ImportError: dlopen(/Users/ryojikn/.local/lib/python3.8/site-packages/zmq/libzmq.cpython-38-darwin.so, 10): no suitable image found. Did find: /Users/ryojikn/.local/lib/python3.8/site-packages/zmq/libzmq.cpython-38-darwin.so: mach-o, but wrong architecture /Users/ryojikn/.local/lib/python3.8/site-packages/zmq/libzmq.cpython-38-darwin.so: mach-o, but wrong architecture

naturale0 commented 3 years ago

Dear @Ryojikn,

I am not an expert neither, but it seems that the architecture of python and package does not match. If you are running python for ARM64, then all the packages should also be built for ARM64 and vice versa. Please check if the package zmq and python session that is running are based on the same architecture.

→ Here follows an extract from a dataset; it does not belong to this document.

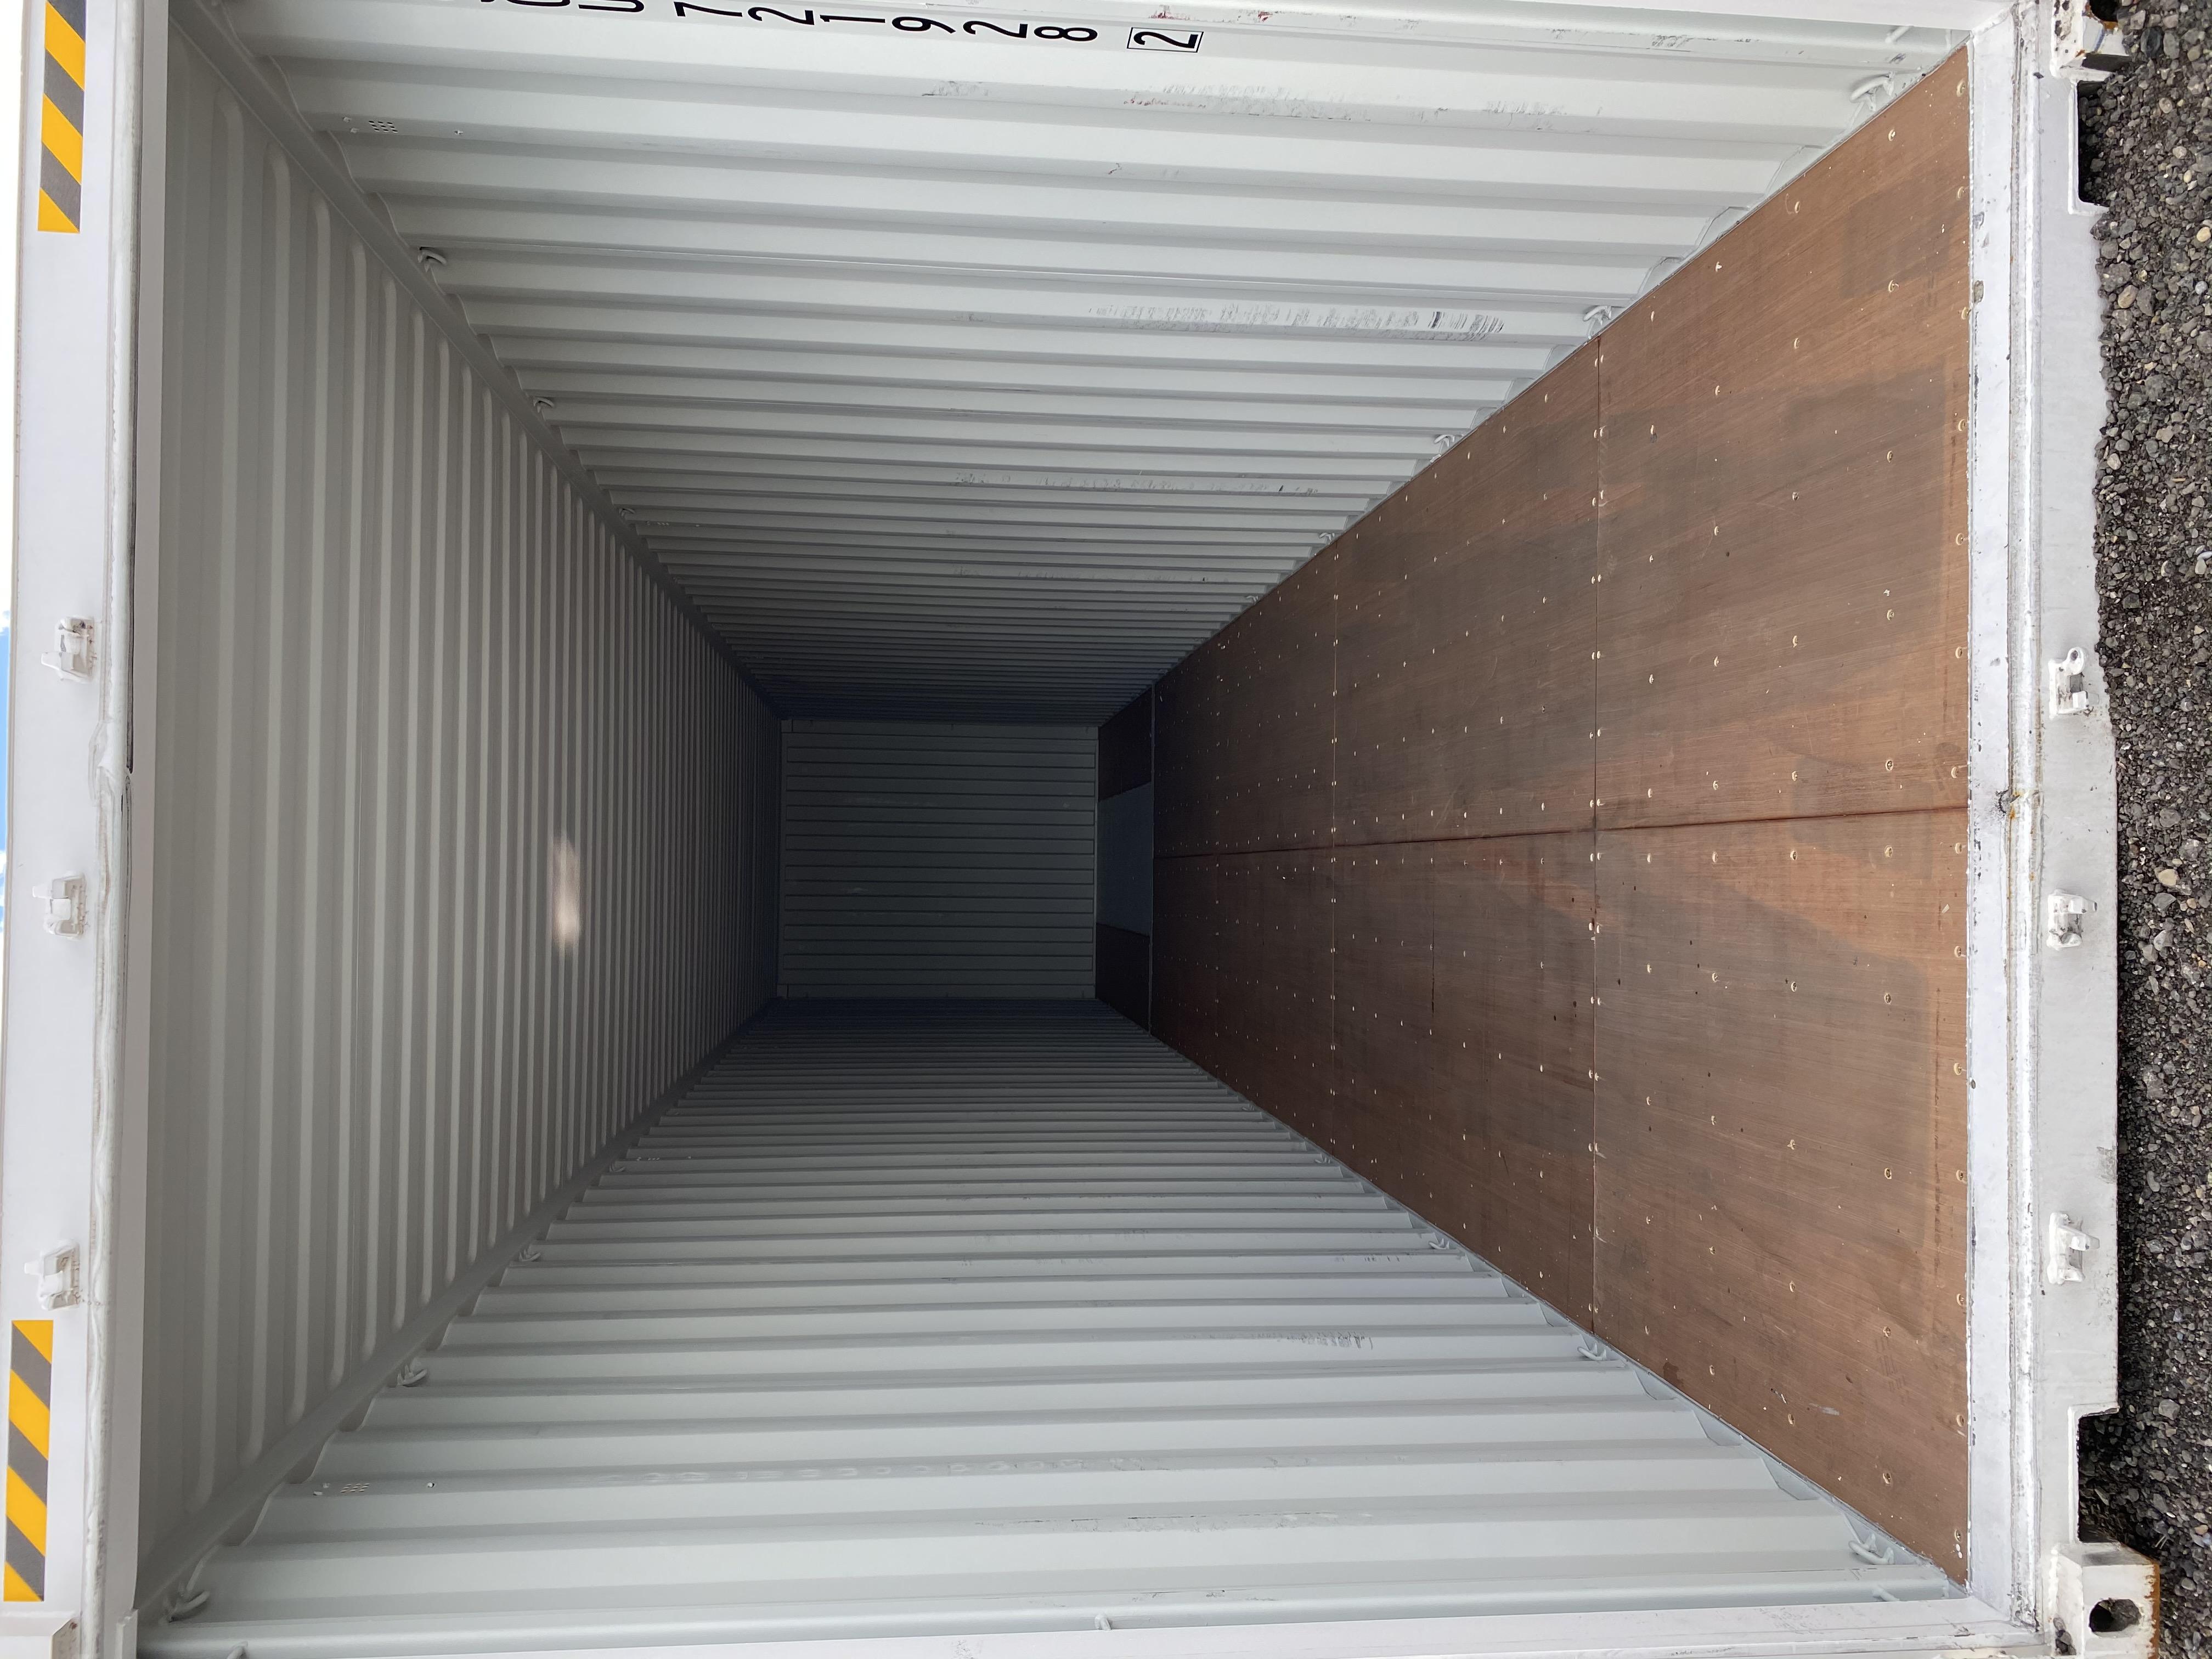 40x8 Storage Unit Calgary, AB

nimbid commented 3 years ago

I only needed Pytorch so I have followed step 1 under 'Install PyTorch for x86_64 (Rosetta 2)'. However, when I try to run 'conda' zsh is not recognizing the command. What's the right way to add the path to zsh so that it gets detected?

Ideally, I would like to run the x86 miniforge using a descriptive alias like 'condaintel'. How can I do this for zsh?

I do not need ternsor flow right now so I have only done:

  1. Creatted a Rosetta terminal.
  2. Installed miniforge for x86 by running '/bin/bash Miniforge3-MacOSX-x86_64.sh -p /Users/$(whoami)/miniforge_x86_64'.

That is it.

nimbid commented 3 years ago

As a follow up to my comment, I also want to add that I have python 3.9.5 and homebrew 3.2.1 installed on my macbook. Will that affect things?